The Philosophy of Black Mirror w/ Patrick Lee Miller

Hello, everybody! Just before we get into the weekend, I have a new interview with Dr. Patrick Lee Miller for you. He is an associate professor of Philosophy at Duquesne University, in Pittsburgh, Pennsylvania. He is the author of Becoming God: Pure Reason in Early Greek Philosophy (Bloomsbury, 2012), and co-editor of Introductory Readings in Ancient Greek and Roman Philosophy (Hackett, 2015). He also writes for Quillette.
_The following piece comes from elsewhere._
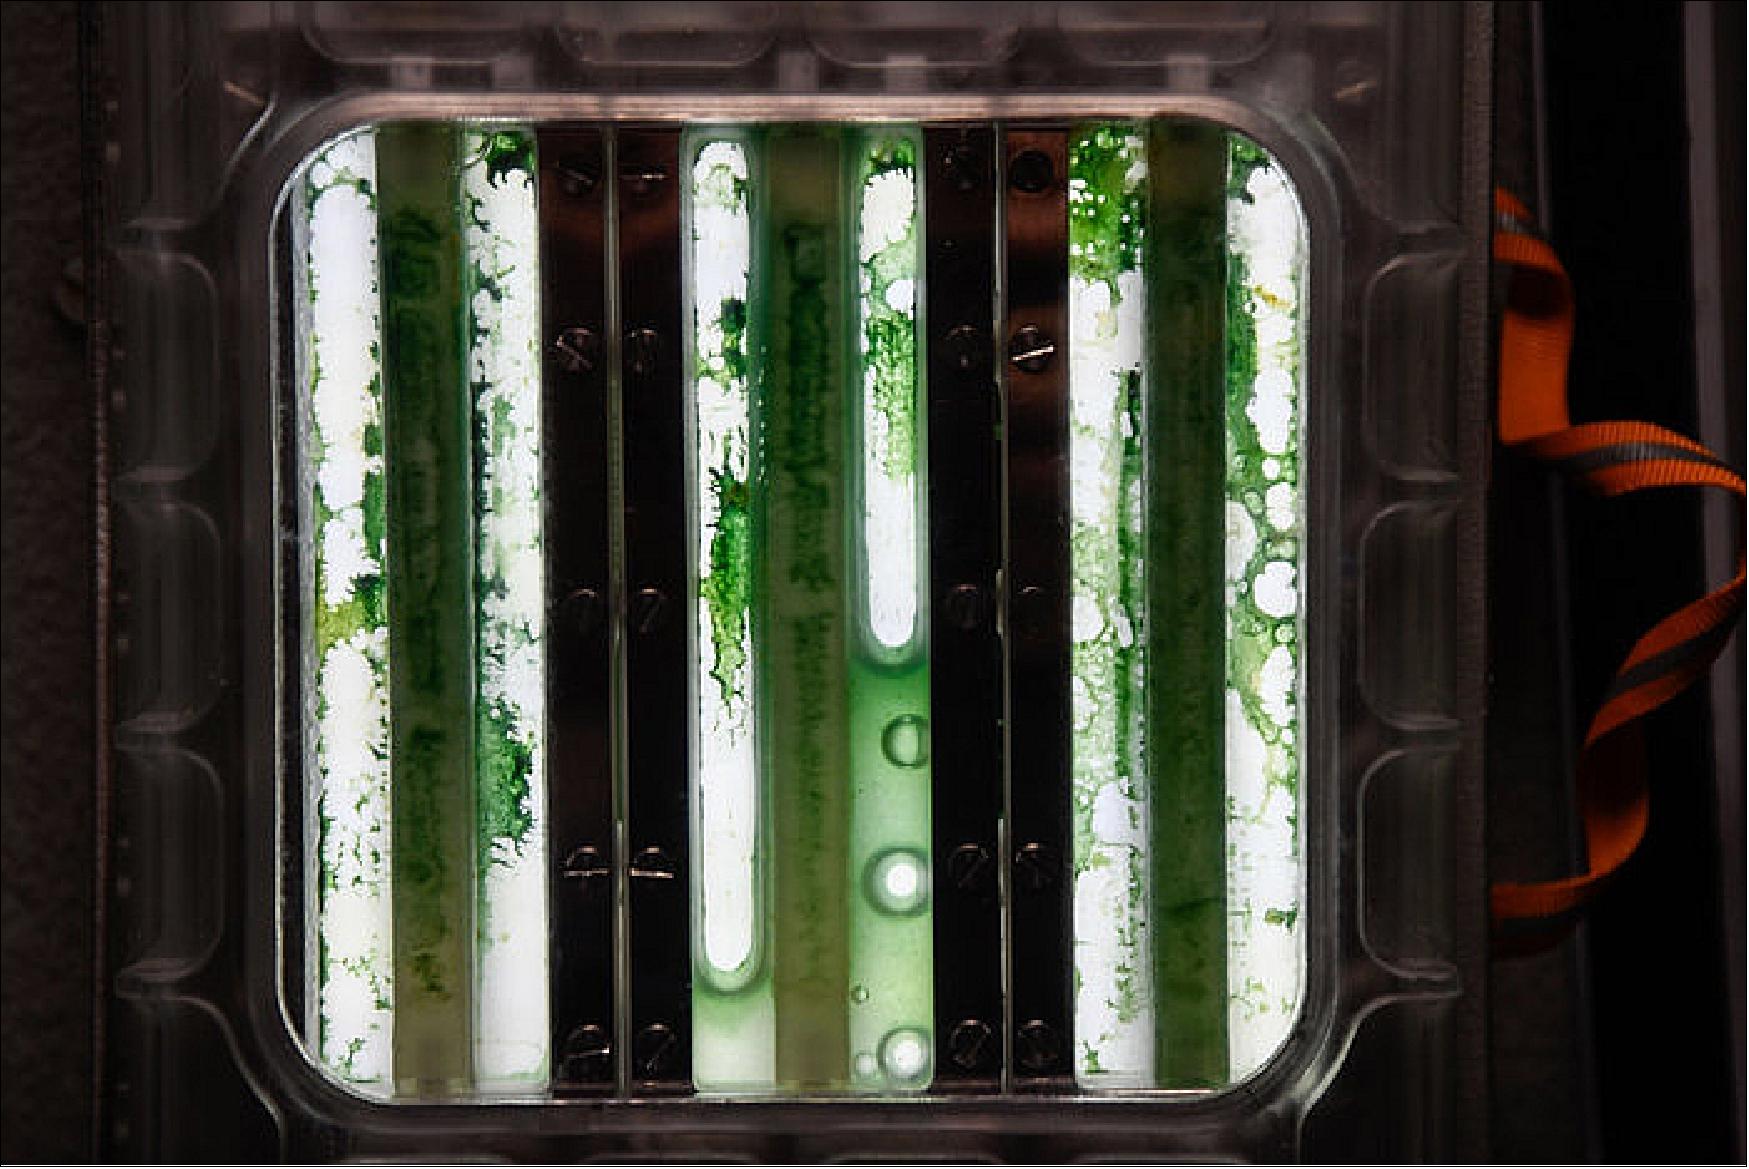 Figure 89: PhotoBioreactor on Space Station. If we are to travel farther for longer, it will also be important to generate our own sustainable supplies of food and oxygen in space. The German Aerospace Center DLR experiment PhotoBioreactor on the International Space Station includes algae to convert carbon dioxide to breathable oxygen and edible algae in space. - The algae selected for this experiment, chlorella vulgaris, is single-celled, spherical and can be cultivated in pumped loops to produce oxygen and edible biomass from carbon dioxide and water. It requires regular nutrients to support its growth, as well as exposure to light (image credit: NASA)

In this episode, we talk about the philosophy of the Black Mirror series, by Charlie Brooker. We go through some of the general themes we were able to identify running through the series, including: the individual and social aspects of life, and their interplay; the role that technology plays, and if it leaves space open for human agency; personhood, the self, copies, simulations, and how we should deal with them; what it is to be the “true” person; the benefits of virtual reality, as well as its drawbacks; mortality, immortality, and the meaning of life; punishment and Nietzsche’s Eternal Return; how we should deal with memory and knowledge, and what we should know. In the latter part of the discussion, we also talk about the usefulness of thought experiments, the relationship between philosophy and science, and the Platonic soul.